From: Michael Rosenblum <>
Date: Tue, 3 Apr 2007 17:09:21 -0400
Message-ID: <B79551237AFE0D42AF45696C712D7440798612@mail.DulcianWeb.local>

From purely coding point of view, there is a bit dangerous, but quick way of fixing the problem.  

If it is only a couple of places where you need to use that temporary table - just convert all calls to dynamic SQL!  

Nice thing about the solution - you can make the name of table dynamic (for example, include user id into it), so you will not have to worry how many users are trying to manipulate with the table at the same time.

Negative side, of course, is the overhead of the dynamic SQL (timing, lost dependencies etc).  

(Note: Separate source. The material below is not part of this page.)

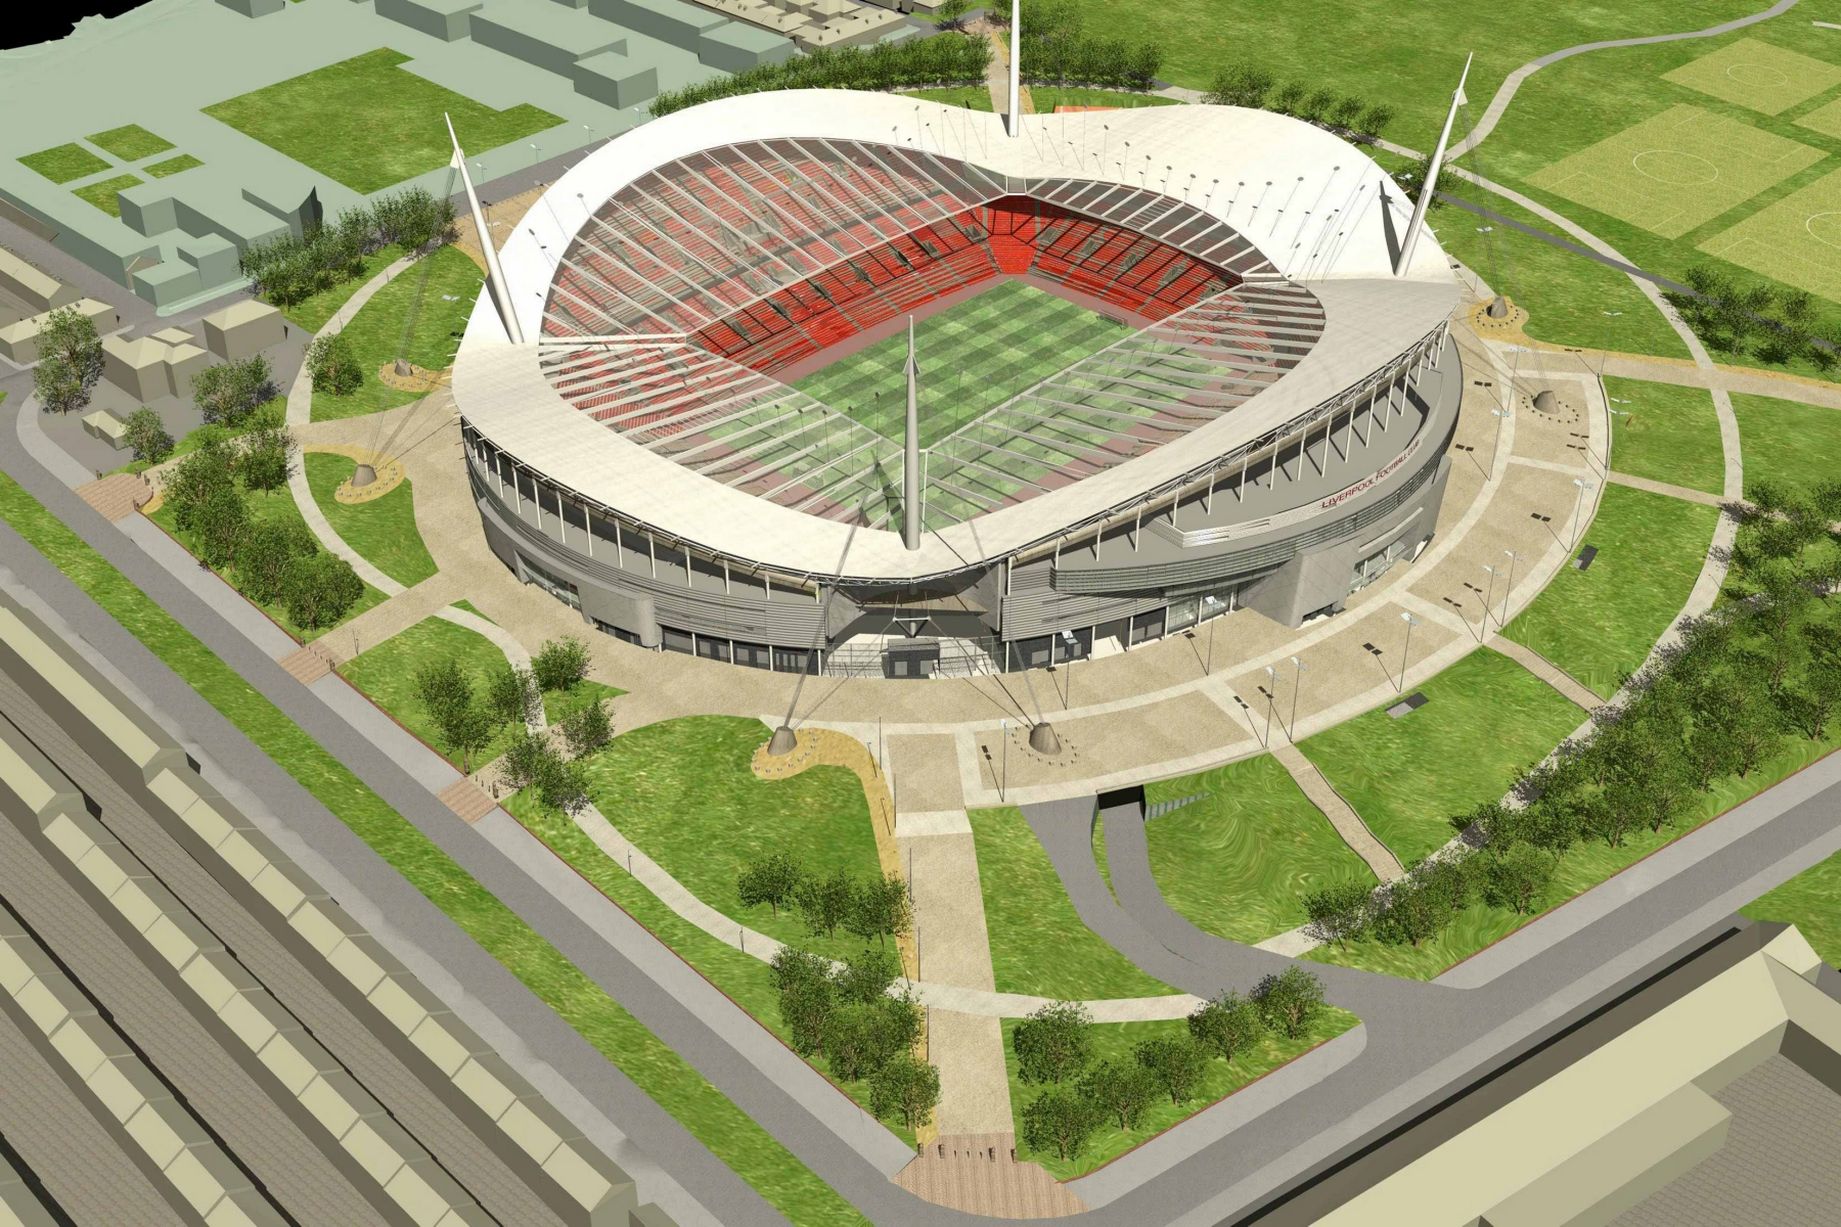 Another concept for the Stanley Park Stadium

Stepping to the side... If it would not be couple hundred thousand rows - I would propose some kind of collection (either object collection or associative array - depending on what exactly is needed). But if the server has a lot of memory - why not? Personally, I prefer to use collections (as long as the number of records is reasonable) - but it is a trade-off between using the memory and using temporary tablespace.  


Michael Rosenblum

From: on behalf of Stephen Andert Sent: Tue 4/3/2007 4:29 PM
Subject: Global (and local) Temporary Tables & PL/SQL

Hello wise ones!

I was just approached with a question/problem. A developer (not a DUHveloper, this guy is usually pretty good) wants to investigate using temporary tables for intermediate processing. He is trying to test this but when he modifies his PL/SQL to use the global temporary table, it won't compile as the table is created and populated in the same step and thus does not exist when trying to compile the procedure.

The facts known at this time are:

  1. This table may be somewhat large (several hundred thousand rows with several VARCHAR 255 fields) at first, but later will be much more reasonable.
  2. Many users will be using this table at the same time with differing data and processing other data based on what they do with the data in these temp tables.

The questions are:

  1. What factors should influence global or local temporary (or even "real" tables if they may be better)?
  2. Is there a way to "force" PL/SQL to "trust me, the table will be there" to get the proc to compile.
  3. What else should I be thinking about that I am not (since I just got blind-sided with this).

Thanks In Advance.


Stephen Andert

Any idiot can run.
It takes a special kind of idiot to run a marathon.